- Source material:

━━━━━━

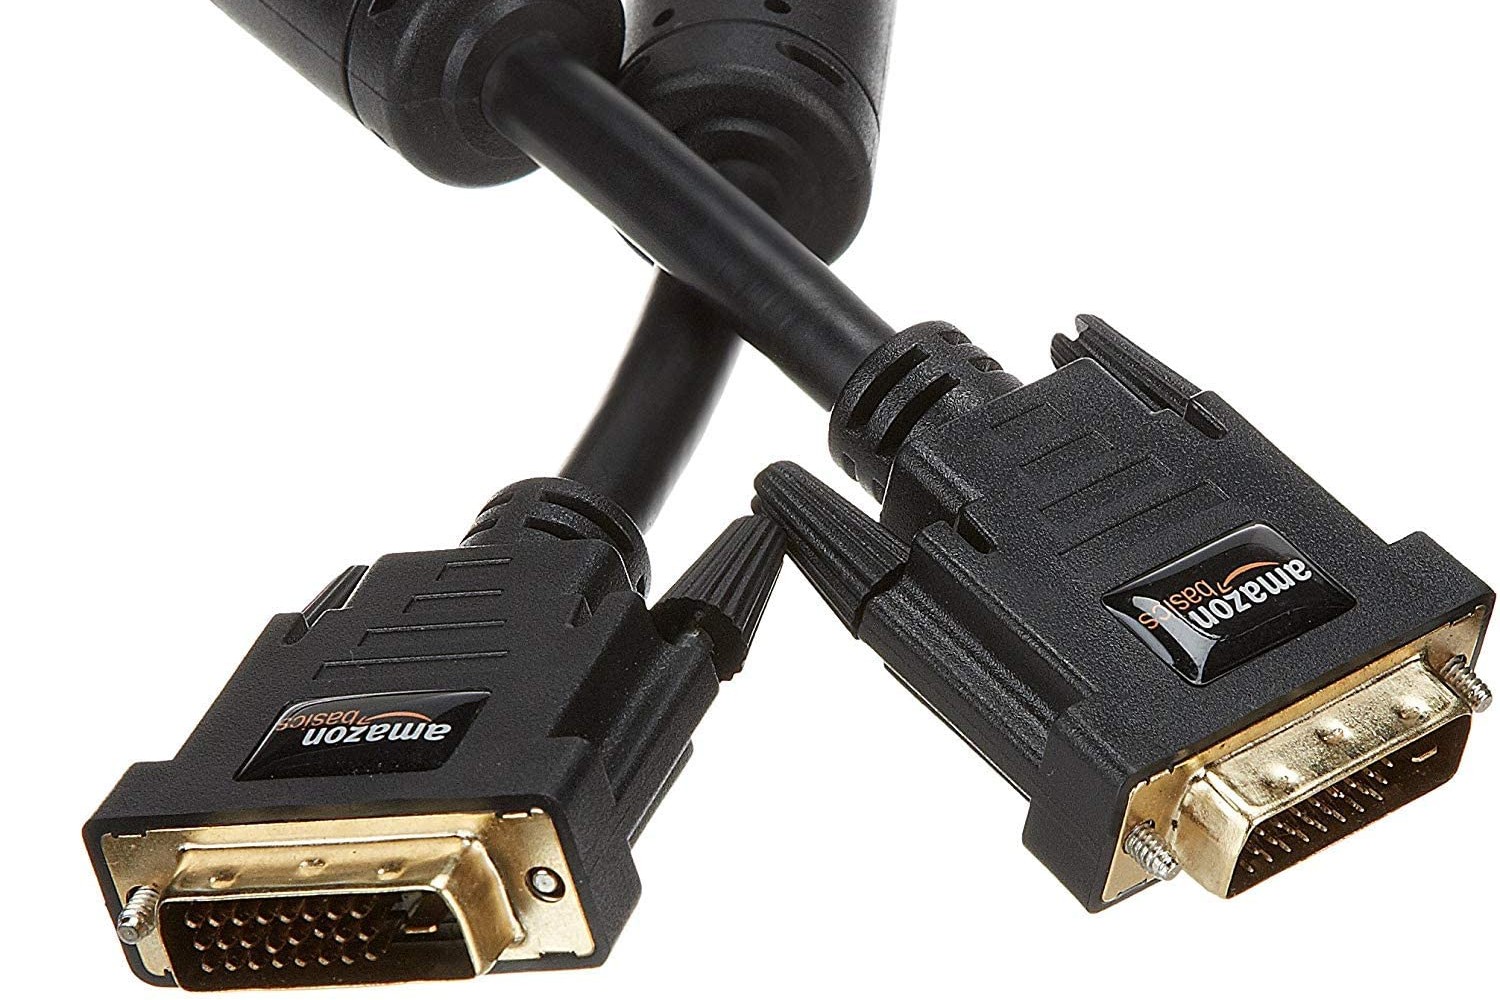 BENFEI DVI to HDMI, Bidirectional DVI (DVI-D) to HDMI Male to Female  Adapter with Gold-Plated Cord 2 Pack
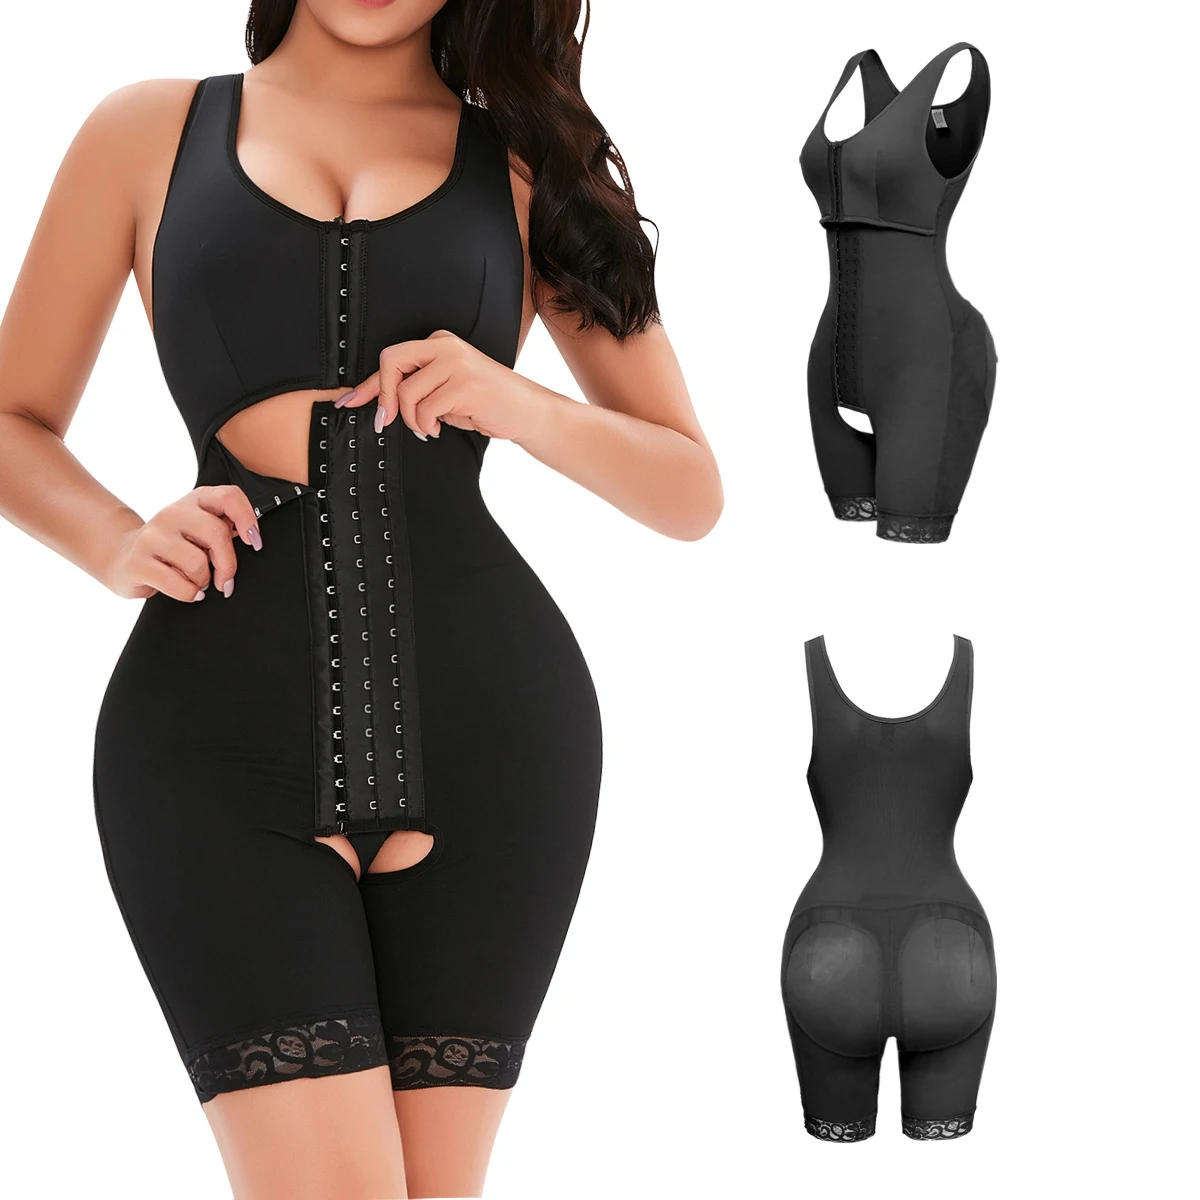 

2021 Latest Women's slimming fajas body shaping weight loss Shape wear compression garment for liposuction, Black, skin
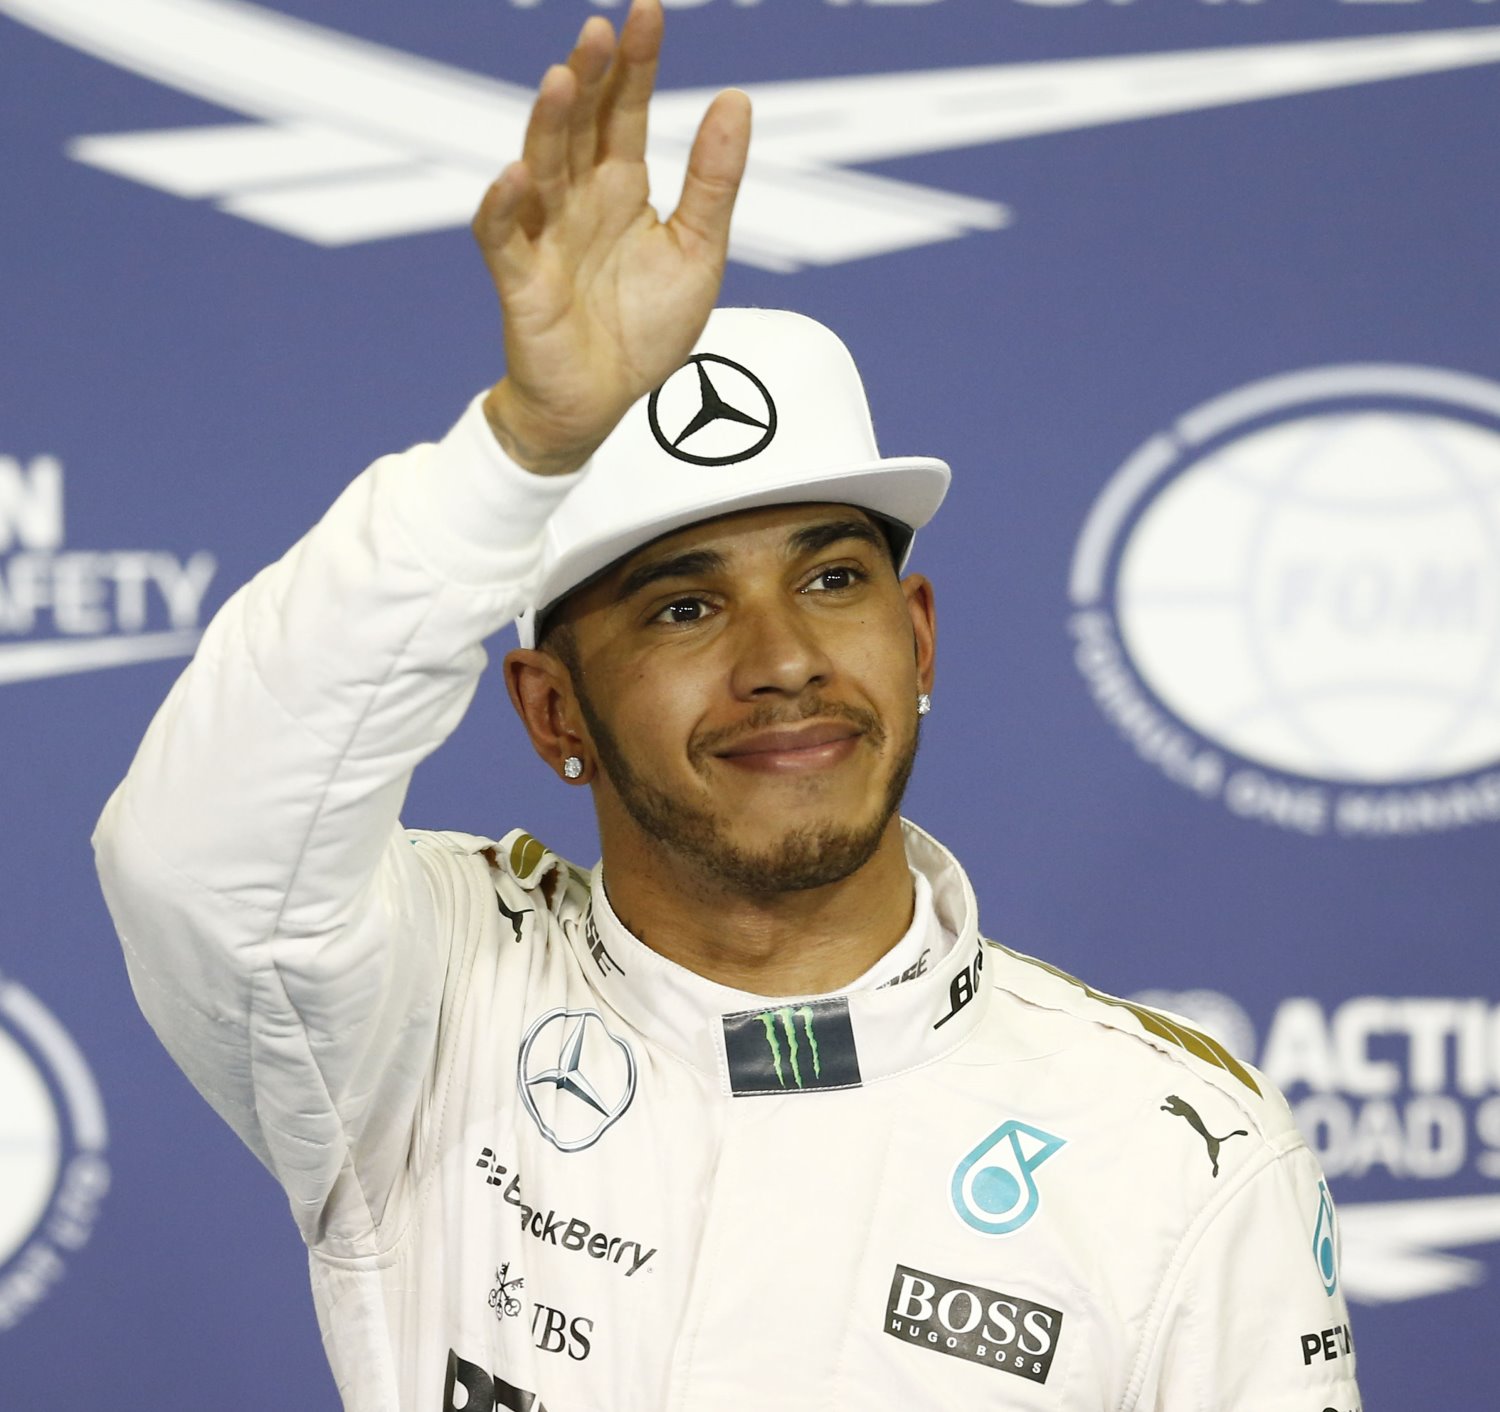 Hamilton waves after qualifying 2nd

━━━━━━

- Task requirements: With pictures excluded, the material is to be written out exactly as given.

- Response:
 BENFEI DVI to HDMI, Bidirectional DVI (DVI-D) to HDMI Male to Female  Adapter with Gold-Plated Cord 2 Pack

2021 Latest Women's slimming fajas body shaping weight loss Shape wear compression garment for liposuction, Black, skin
 Hamilton waves after qualifying 2nd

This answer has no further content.